- **Problem requirements**
The expected answer is the full listing, repeated exactly and free of images.

- **Dataset excerpt**

———

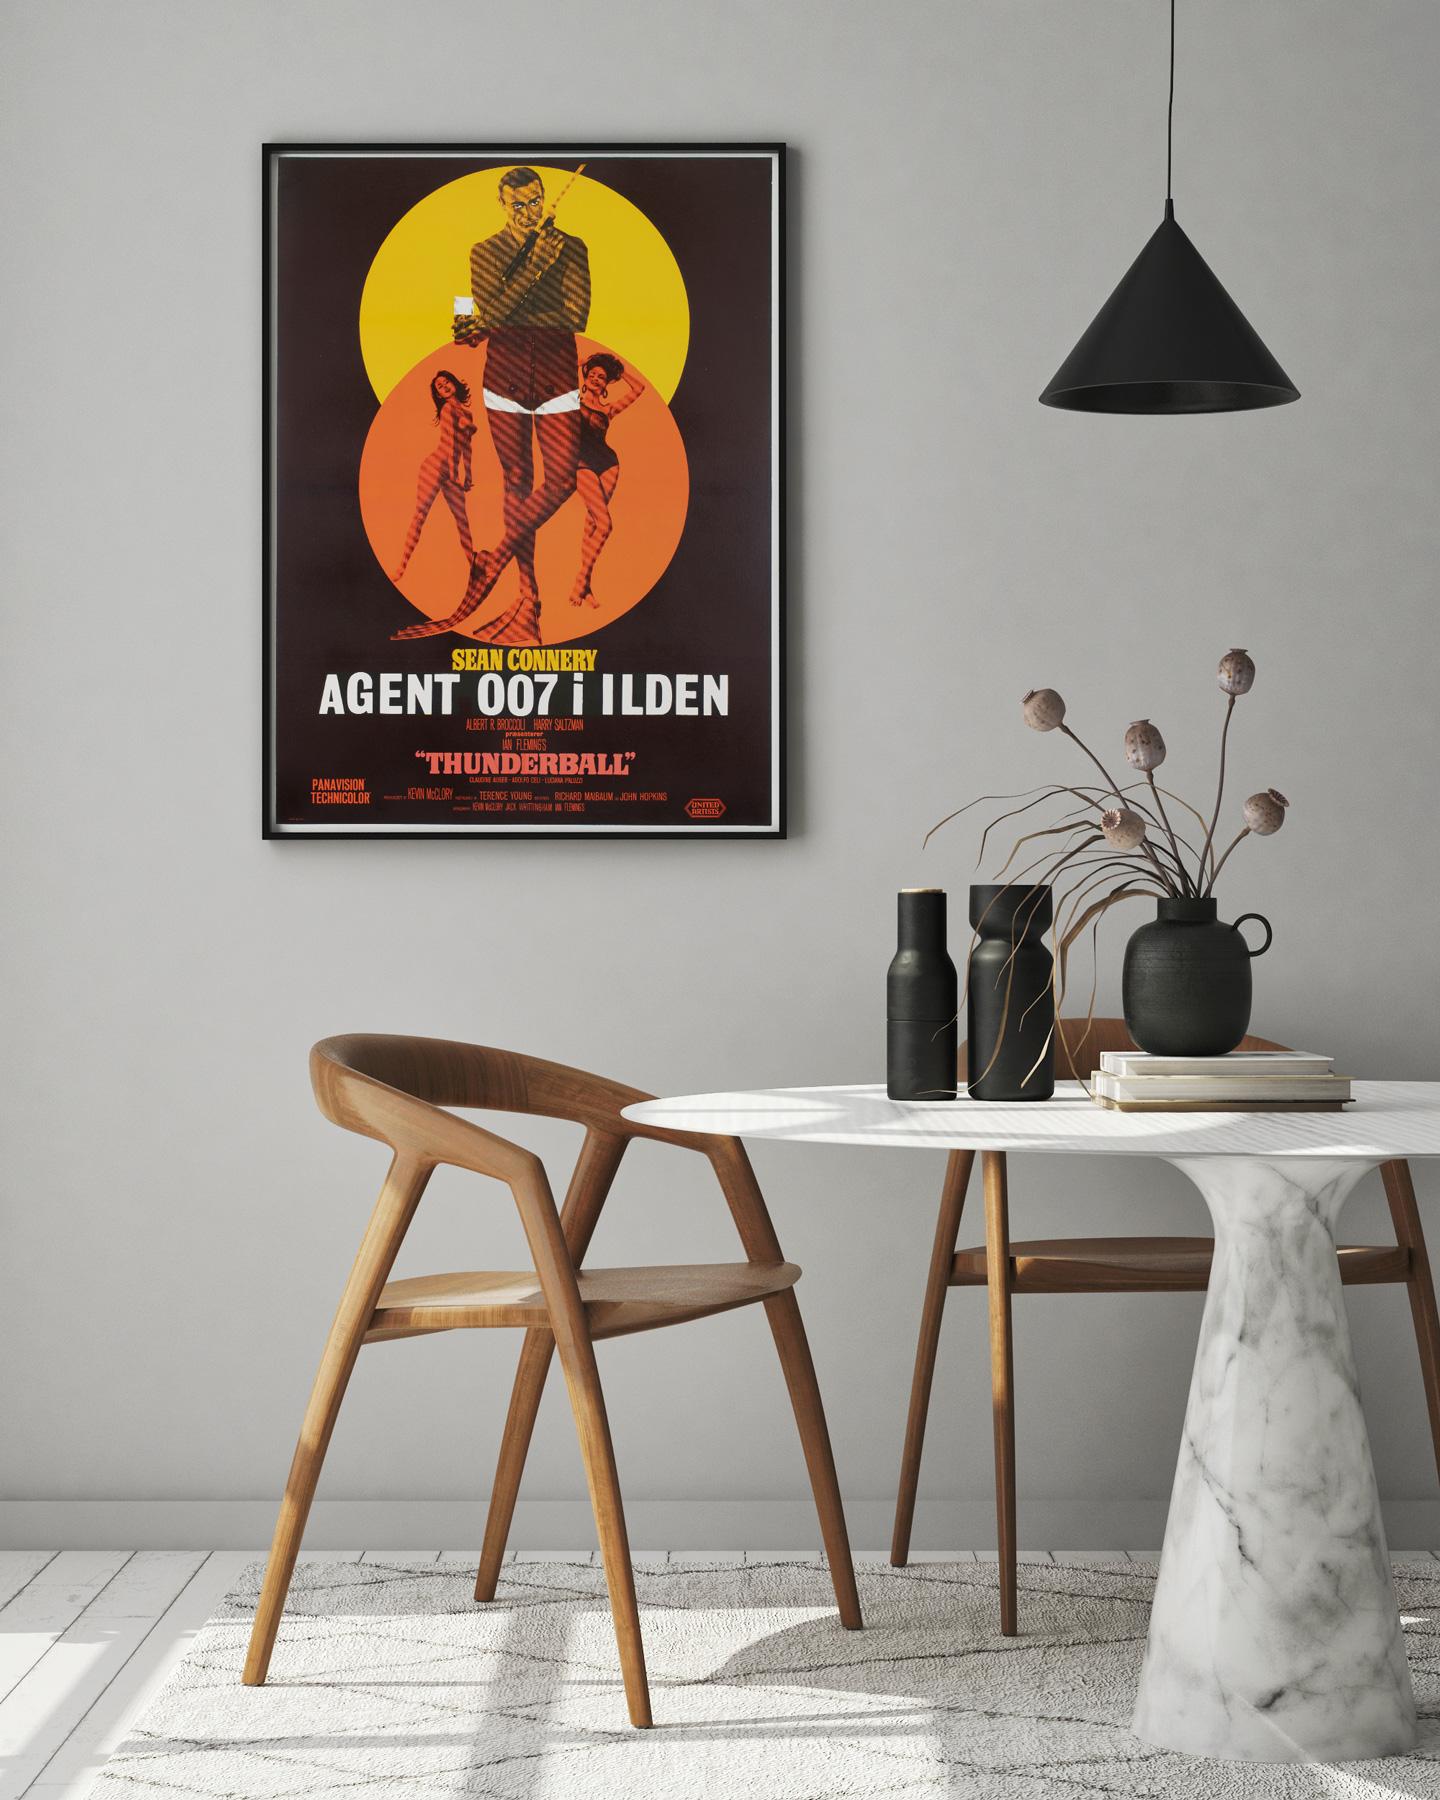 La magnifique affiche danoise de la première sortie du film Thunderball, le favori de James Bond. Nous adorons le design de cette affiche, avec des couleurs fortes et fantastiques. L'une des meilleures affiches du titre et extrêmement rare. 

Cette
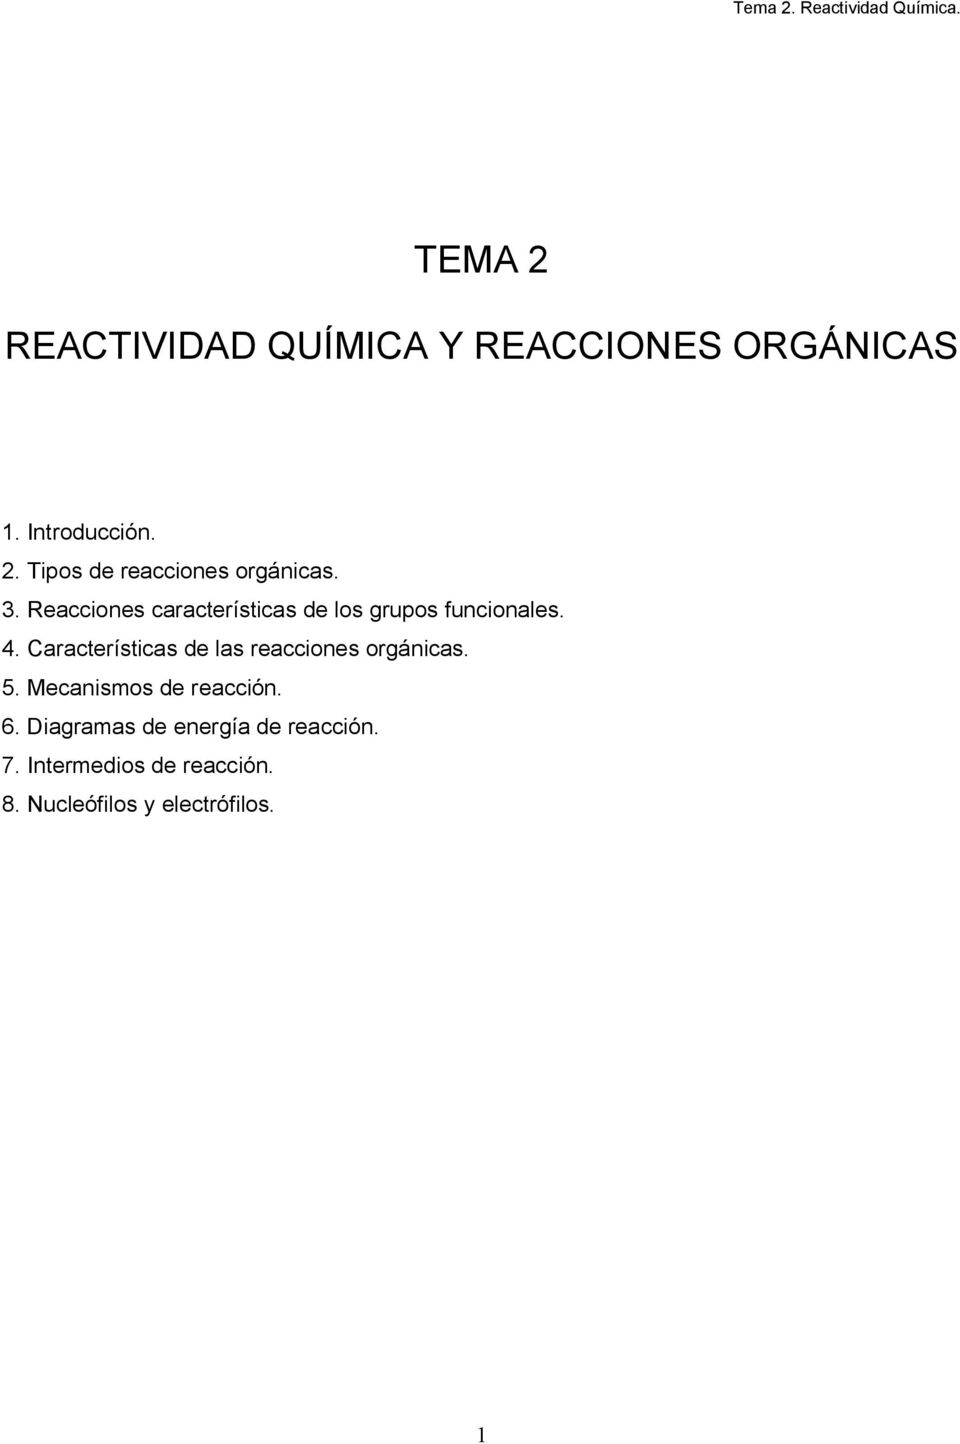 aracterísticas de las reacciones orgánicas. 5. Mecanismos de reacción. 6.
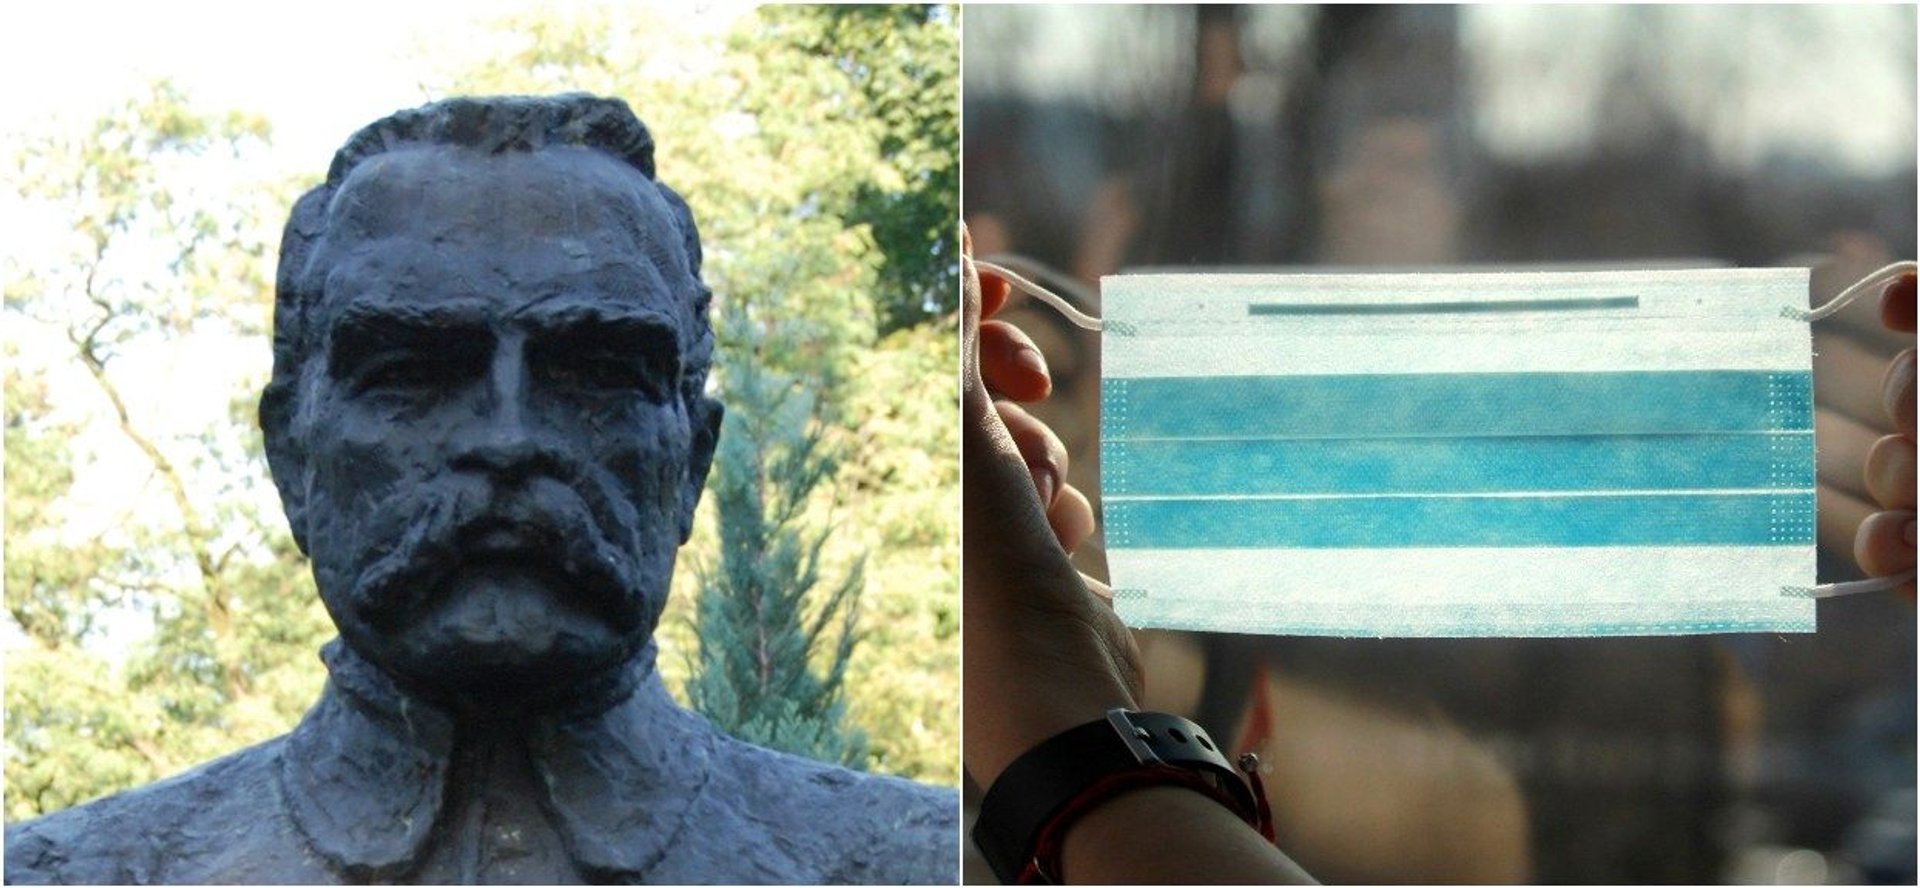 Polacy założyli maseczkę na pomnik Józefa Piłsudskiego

———

- **Answer for the task**
 La magnifique affiche danoise de la première sortie du film Thunderball, le favori de James Bond. Nous adorons le design de cette affiche, avec des couleurs fortes et fantastiques. L'une des meilleures affiches du titre et extrêmement rare. 

Cette
 aracterísticas de las reacciones orgánicas. 5. Mecanismos de reacción. 6.
 Polacy założyli maseczkę na pomnik Józefa Piłsudskiego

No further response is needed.